Below that level, a lot of things changed!
updateGrove
uses the runSTArray
function to handle the conversion of the Array
of elves into a mutable one, the updates, then the conversion back to the immutable array.
updateGrove :: GroveState ()
updateGrove =
do grove <- gets currentGrove
proposalsInf <- gets proposalDirections
let proposals = take 4 proposalsInf
let newGrove =
runSTArray $
do mPopulation <- M.thaw grove
mCounts <- M.mapArray (const 0) mPopulation
proposeMoves mPopulation mCounts proposals
removeClashes mPopulation mCounts
moveElves mPopulation
return mPopulation
modify' (\g -> g { currentGrove = newGrove})
It maintains two arrays: one of Maybe Elf
, showing where the elves are; and one of Int
, showing how many elves will move into a particular position. proposeMoves
updates both of these as each elf decides where to move.

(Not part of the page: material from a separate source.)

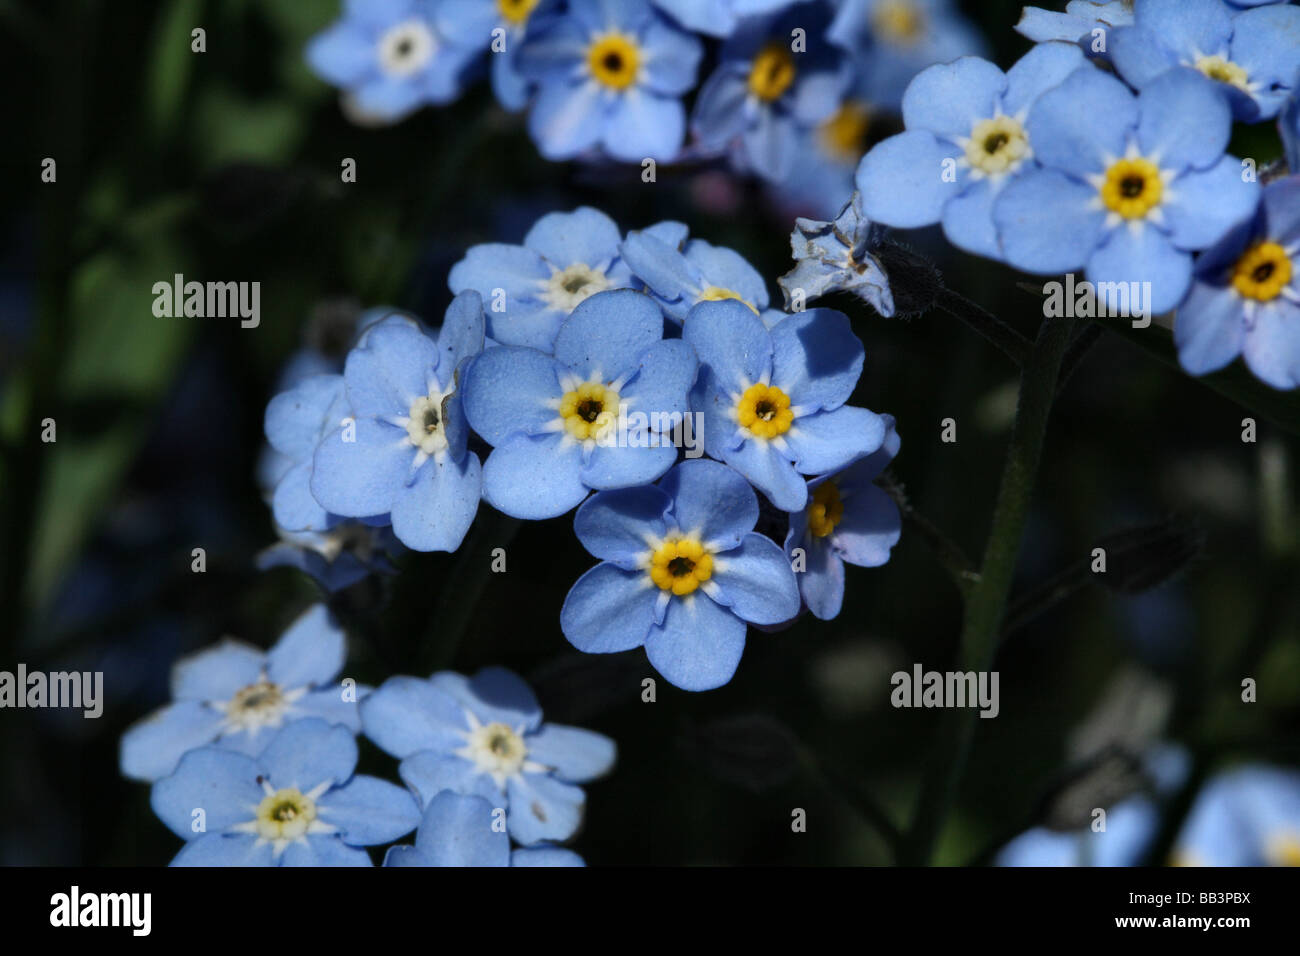 Forget Me Not , Myositis spp Family Boraginaceae Close Up or Macro Shot of Flower Blooms Stock Photo

The functions below here aren't that interesting to explain (you can see them yourself). The main consequence is that some of the code has to be split to have explicit intermediate results, if different parts do and don't use the arrays. For instance, the noElves
function returns whether there are no elves in a set of locations. The Set
-based version looks like this:
noElves :: Population -> S.Set Position -> Bool
noElves elves tests = S.null $ S.intersection tests $ S.map _current elves
but the Array
-based version looks like this:
noElves :: MPopulation s -> [Position] -> ST s Bool
noElves elves tests =
do others <- mapM (M.readArray elves) tests
return $ all isNothing others
Performance
Using Array
s reduces the runtime from seven minutes to seven seconds, but at the cost of now using 18Mb of RAM rather than the original 14Mb.
Program | Wall time | Memory used (kb) |
---|---|---|
Original | 6:10.18 | 13,408 |
Hash sets | 6:00.52 | 14,208 |
Arrays | 0:06:49 | 17,604 |
The main downside of this approach is the change in programming style it mandates. This program is fundamentally about the mutation of a shared piece of state (the grove of elves). As such, it dictates the shape of the program that does that mutation. The code that solves this problem has a very imperative style, where I've outlined the steps to take and the order to take them, rather than expressing what I want done and allowing results to come together as needed.
Code
You can get the code from my locally-hosted Git repo, or from Gitlab.